Planetary host stars: Evaluating uncertainties in ultra-cool model atmospheres

TL;DR

This study compares different stellar atmosphere models for M-dwarfs to quantify systematic uncertainties in stellar parameters, highlighting model discrepancies across various parameters and their impact on synthetic photometry.

Contribution

It provides a comprehensive comparison of four major model atmosphere families for M-dwarfs, assessing their differences and uncertainties in stellar parameters and synthetic colours.

Findings

Model results for higher log(g) deviate less between models.

Synthetic IR colours differ by no more than 0.15 dex across models.

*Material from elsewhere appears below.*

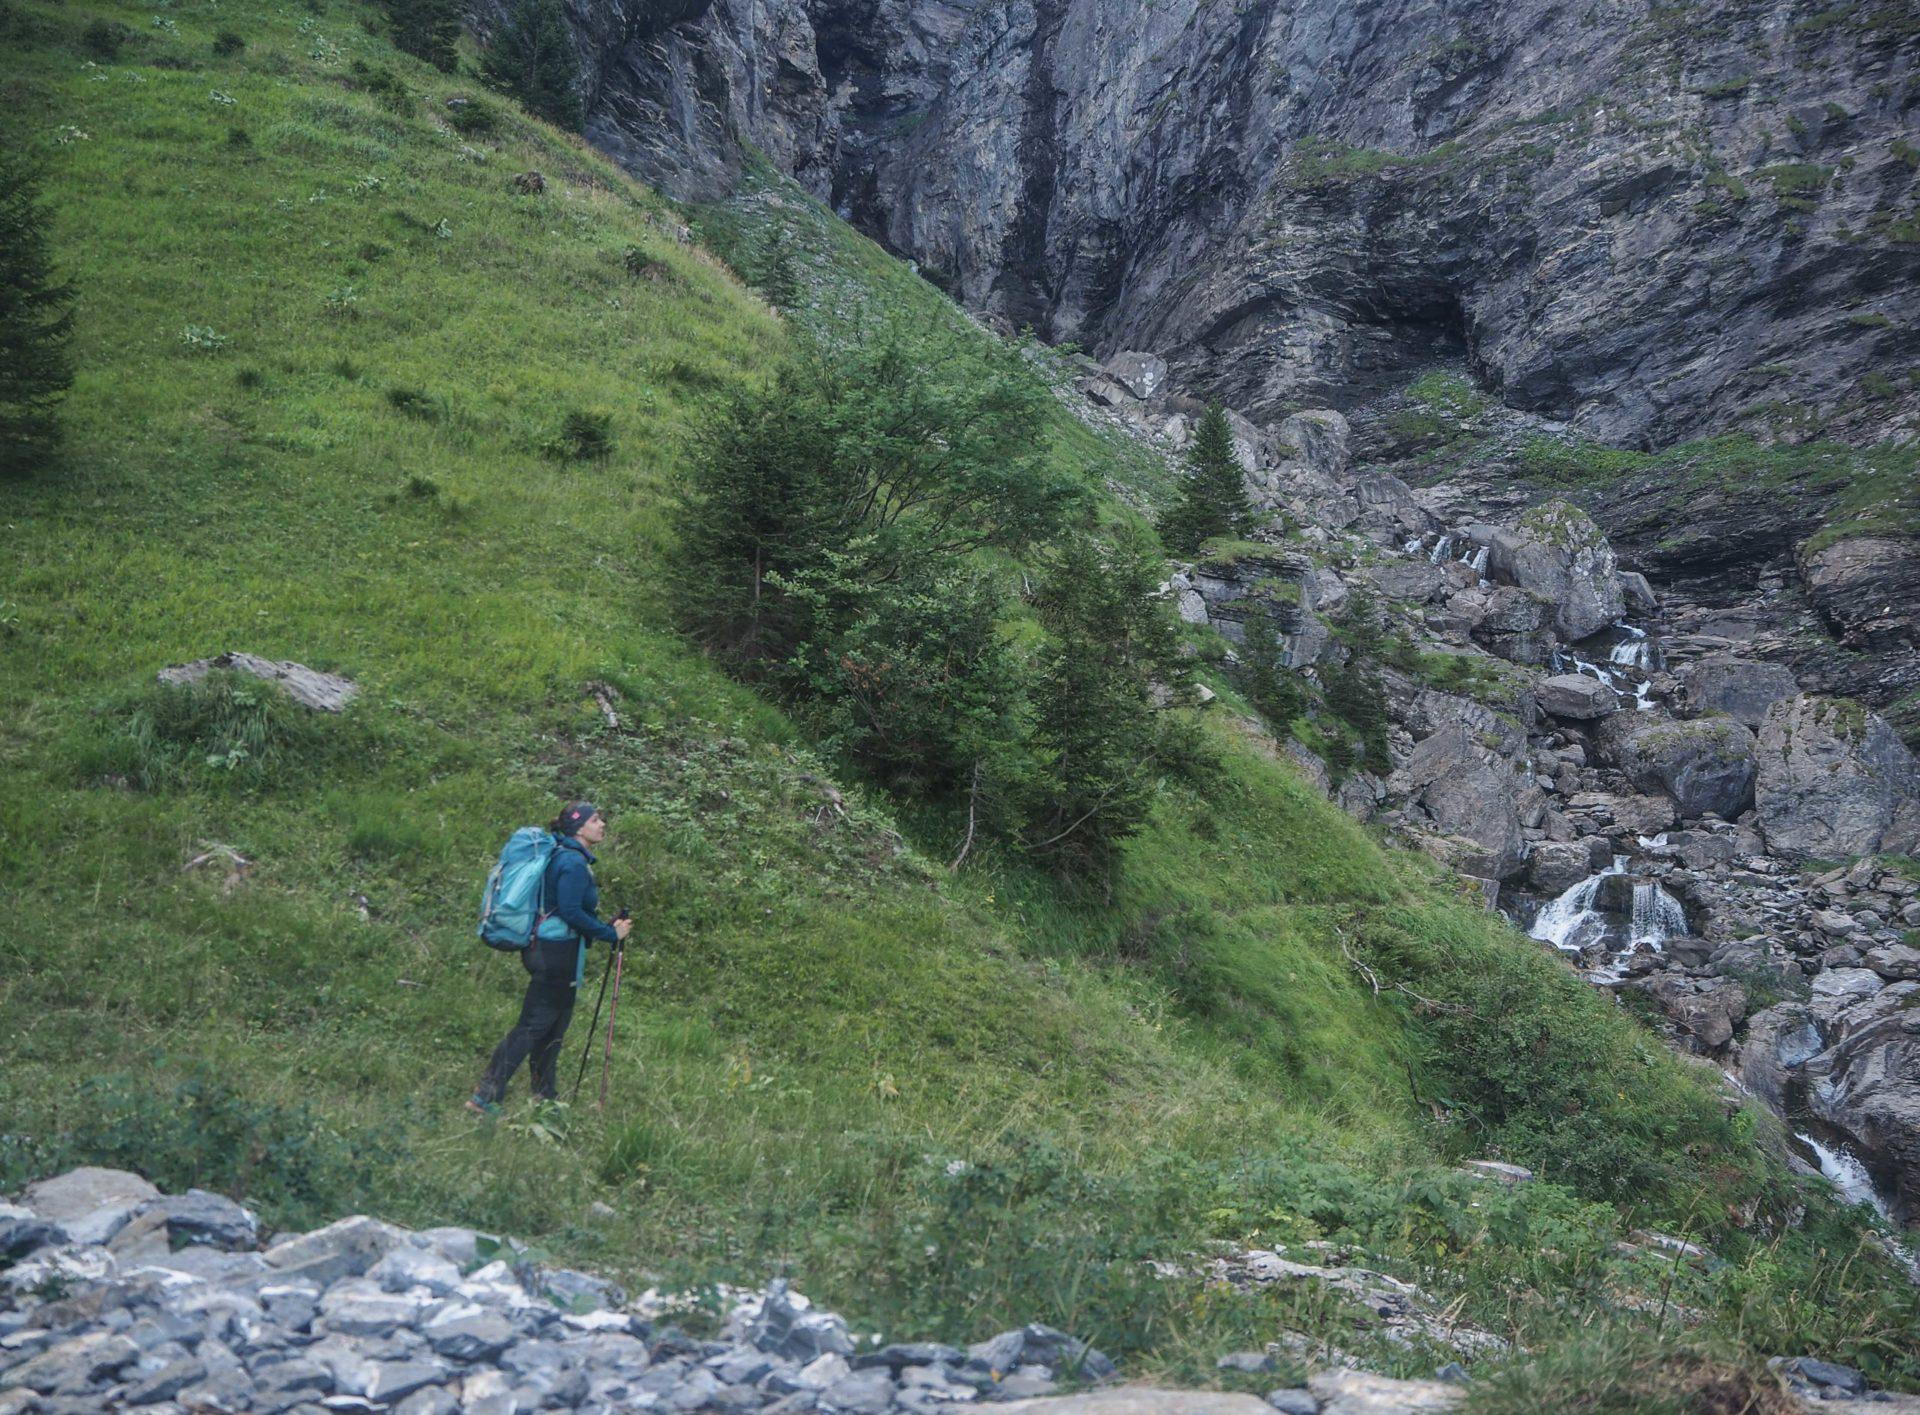 J'ai fini le Tour - Jour 6 du Tour des Dents du Midi - Faire un trek en solo en Suisse: réflexions, préparatifs, introspection, récupération et bilan

Discrepancies decrease with increasing T_eff.

Abstract

M-dwarfs are emerging in the literature as promising targets for detecting low-mass, Earth-like planets. An important step in this process is to determine the stellar parameters of the M-dwarf host star as accurately as possible. Different well-tested stellar model atmosphere simulations from different groups are widely applied to undertake this task. This paper provides a comparison of different model atmosphere families to allow a better estimate of systematic errors on host-star stellar parameter introduced by the use of one specific model atmosphere family only. We present a comparison of the ATLAS9, MARCS, Phoenix and Drift-Phoenix model atmosphere families including the M-dwarf parameter space (T$_{\rm eff}=2500$K$\,...\,$4000K, log(g)=3.0$\,...\,$5.0, [M/H]=$-2.5\,...\,0.5$). We examine the differences in the (T$_{\rm gas}$, p$_{\rm gas}$)-structures, in synthetic photometric fluxes and in colour indices. Model atmospheres results for higher log(g) deviate considerably less between different models families than those for lower log(g) for all T$_{\rm eff}=2500$K$\,...\,$4000K examined. We compiled the broad-band synthetic photometric fluxes for all available model atmospheres (incl. M-dwarfs and brown dwarfs) for the UKIRT WFCAM ZYJHK, 2MASS JHKs and Johnson UBVRI filters, and calculated related colour indices. Synthetic colours in the IR wavelengths diverge by no more than 0.15 dex amongst all model families. For all spectral bands considered, model discrepancies in colour diminish for higher T$_{\rm eff}$ atmosphere simulations. We notice differences in synthetic colours between all model families and observed example data (incl. Kepler 42 and GJ1214).